Oh, and name help needed.  Thanks!
http://www.aquabid.com/cgi-bin/auction/closed.cgi?view_closed_item&fwbettashm1269225604


----------



## DragonFish (Mar 31, 2009)

Hmm....I'm not seeing the thick metallic dragon scaling. Personally, i don't think hes a dragon....just a fancy marble :lol: Very pretty though!!

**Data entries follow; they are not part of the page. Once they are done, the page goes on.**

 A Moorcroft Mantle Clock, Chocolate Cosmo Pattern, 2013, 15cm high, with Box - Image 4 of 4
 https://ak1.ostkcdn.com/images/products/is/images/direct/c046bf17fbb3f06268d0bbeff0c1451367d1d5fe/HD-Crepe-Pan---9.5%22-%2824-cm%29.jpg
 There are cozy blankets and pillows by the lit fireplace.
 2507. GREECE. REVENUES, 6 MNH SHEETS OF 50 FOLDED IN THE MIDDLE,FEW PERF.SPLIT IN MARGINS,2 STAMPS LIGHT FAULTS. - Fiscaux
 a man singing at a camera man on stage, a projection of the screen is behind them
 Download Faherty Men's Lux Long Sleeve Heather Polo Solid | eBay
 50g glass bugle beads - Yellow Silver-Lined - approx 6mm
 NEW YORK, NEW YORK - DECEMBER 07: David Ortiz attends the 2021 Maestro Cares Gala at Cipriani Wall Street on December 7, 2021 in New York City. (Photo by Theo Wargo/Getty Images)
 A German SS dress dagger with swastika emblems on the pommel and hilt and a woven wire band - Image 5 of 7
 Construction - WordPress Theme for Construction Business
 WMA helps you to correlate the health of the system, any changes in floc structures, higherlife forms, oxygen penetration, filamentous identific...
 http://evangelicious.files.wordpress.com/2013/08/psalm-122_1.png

I'm not good with names, sorry ^^; Try behindthename.com?


----------



## bloo97 (Mar 6, 2010)

Awsome! Names: Hi-C, Miami,Orlando,Sunny,Electrify,Lemon,Razz,Buzz or Clown.
Whew! 
I may use one for my new CT if I get one today... DDD


----------



## doggyhog (Apr 30, 2009)

DEF. not a dragon. 

But, he is *A M A Z I N G.* If I woulda seen that sooner I would have out bid you. LOL


----------



## mysquishy (Mar 12, 2010)

He is so gorgeous. I want him. lol

Names: Amarillo _(meaning is yellow)_, Jade, Sundance, Cyrus _(meaning Sun/Lord/Throne),_ Bolt _(this is my fav, like a bolt of lightning)_, Taxi, Oro, Yoshi, Bulldozer/Dozer, Cinder, Kintaro _(means goldenboy)._ 

I hope this helped.


----------



## BettaxFishxCrazy (Sep 5, 2009)

He's gorgeous! Not a dragon though.


----------



## Jupiter (Aug 30, 2009)

I don't think he's a dragon, but he is STUNNING! I second Cyrus. I've always wanted to name one of my bettas that.


----------



## Neelie (Feb 18, 2010)

mysquishy said:


> Names: Amarillo _(meaning is yellow_


 that sounds good!
defo not a dragon, but beautiful fish!!!


----------



## doggyhog (Apr 30, 2009)

YEAH name him Cyrus!!! That would totally fit him!!!!!!!!!


----------



## sstacy19 (Jan 20, 2010)

Well Cyrus I think it will be! His dad is a dragon..maybe that is why the guy thinks that he is too? He does have some irridescent blue on his gills, but still not what i would think is a dragon? He arrived soooo cold, poor guy, he was badly packed.


----------



## mysquishy (Mar 12, 2010)

Cyrus is a great name... one of my favorite names.  SOrry to hear he came to you cold I am sure he will warm up and be happy in his new home.


----------



## 1fish2fish (Sep 10, 2009)

Is that scale damage or just a bad picture? He's a pretty guy.. did you get the fem too?


----------